Apesar disso, a Microsoft não está indiferente à situação atual, mas está gradualmente limpando a “interface histórica legada” acumulada ao longo dos anos. Houve sinais anteriores de que a clássica caixa de diálogo "Propriedades" do File Explorer da era do Windows 95 será substituída por uma versão moderna baseada no WinUI 3 e compensará o suporte ao modo escuro anteriormente ausente. A antiga caixa de diálogo Win+R Run também recebeu uma nova versão, com melhor capacidade de resposta e interface em testes internos. A Microsoft também está promovendo a migração dos itens tradicionais de configurações do Painel de Controle para o moderno aplicativo “Configurações”. Embora este processo tenha sido repetidamente questionado como “progresso lento”, o responsável reiterou recentemente que está a reduzir sistematicamente a entrada de funções legadas no Painel de Controlo.
Em relação ao menu Iniciar, que é mais sensível aos usuários, a Microsoft tentou cinco soluções de design completamente diferentes em testes internos antes de finalmente decidir pelo formato de layout atual e testará visualizações de categorias e recursos de personalização mais recentes em um futuro próximo. No entanto, para muitos usuários que estão acostumados com versões mais antigas do Windows, o novo menu Iniciar ainda é considerado sem “alma” e a experiência da área de trabalho sempre parece estar faltando alguma coisa. Na discussão da indústria sobre o formato futuro da experiência de desktop, os "widgets" são considerados uma direção importante: no vídeo interno vazado do próximo sistema operacional de alumínio do Google, os widgets de desktop são colocados em uma posição de destaque, e o macOS integrou com sucesso widgets de desktop ao sistema e recebeu muitos elogios.

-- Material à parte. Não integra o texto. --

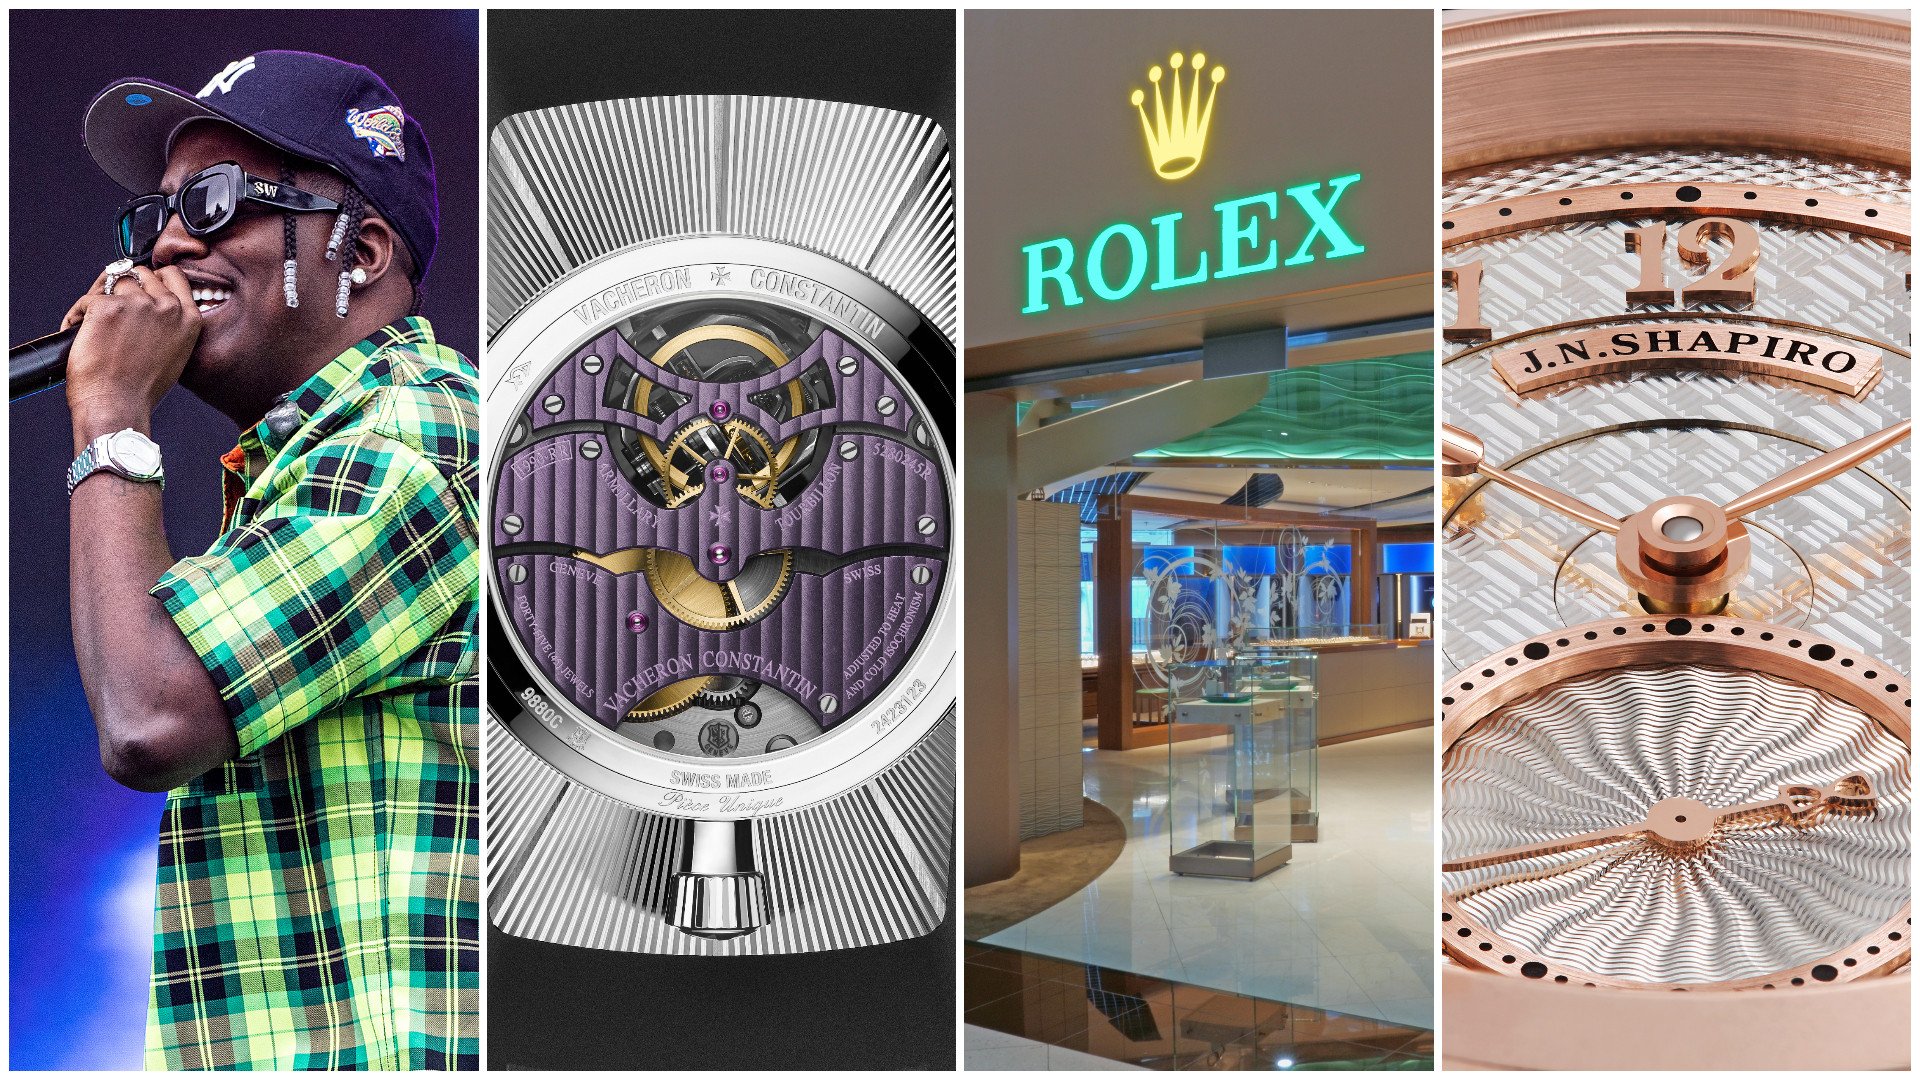 Lil Yachty sports a limited-edition Audemars Piguet collaboration piece; Rolls-Royce adds a Vacheron Constantin to its dashboards; Rolex buys Bucherer to expand its retail reach; and J.N. Shapiro releases a high horology piece built in the US. Photos: AP, Vacheron Constantin, Rolex, J.N. Shapiro

Em contraste, a atual experiência com widgets do Windows 11 é basicamente considerada um fracasso pelo mundo exterior. O principal motivo é que eles são altamente dependentes da pilha de tecnologia WebView2, que tem grande sobrecarga de recursos e é relativamente complicada, resultando no comprometimento do desempenho e da experiência. A Microsoft está ciente desse problema e está migrando gradualmente os principais elementos do sistema, incluindo widgets, para o código nativo do WinUI 3 e desativando os fluxos de informações e anúncios do MSN por padrão, permitindo que os widgets retornem a um posicionamento mais puramente funcional. No entanto, quando o menu Iniciar oferecerá suporte nativo a widgets personalizáveis ainda é um dos problemas de foco de muitos usuários e observadores.



Em relação ao recém-criado grupo de pesquisa de experiência do Windows, o mundo exterior também está especulando sobre sua direção específica de pesquisa. Embora o e-mail de convite mencionasse “moldar a experiência futura do Windows”, ele não mencionava diretamente o chamado “Windows 12”. Rumores anteriores sobre a “chegada do sistema de assinatura de IA do Windows 12” também foram falsificados e foram confirmados como sendo causados principalmente por conteúdo enganoso gerado por IA. O relatório apontou que o foco atual da Microsoft ainda é continuar a melhorar o próprio Windows 11 e fazer “correções de curso” na interação e interface do sistema existente, coletando feedback de uso mais representativo na vida real, em vez de lançar uma nova versão principal do sistema operacional no curto prazo.




Do ponto de vista estratégico, a Microsoft abriu moderadamente o processo central de tomada de decisão de design e experiência aos usuários por meio de um grupo de pesquisa somente para convidados, que é considerado uma ideia de ajuste mais pragmática. No campo do desktop, o Windows ainda é o sistema operacional com a maior participação no mundo, e sua disposição de incorporar proativamente as opiniões da comunidade no processo de tomada de decisão de UX é rara para um sistema deste tamanho. Também é considerado um caminho culturalmente difícil para concorrentes como a Apple adotar. À medida que problemas sérios de desempenho do Windows 11 foram reparados e otimizados, a Microsoft mudou seu foco para resolver a consistência da experiência, a coerência da interface e a lógica de interação. Este grupo de pesquisa é considerado um sinal importante de que “realmente começou a reparar sistematicamente a UX”.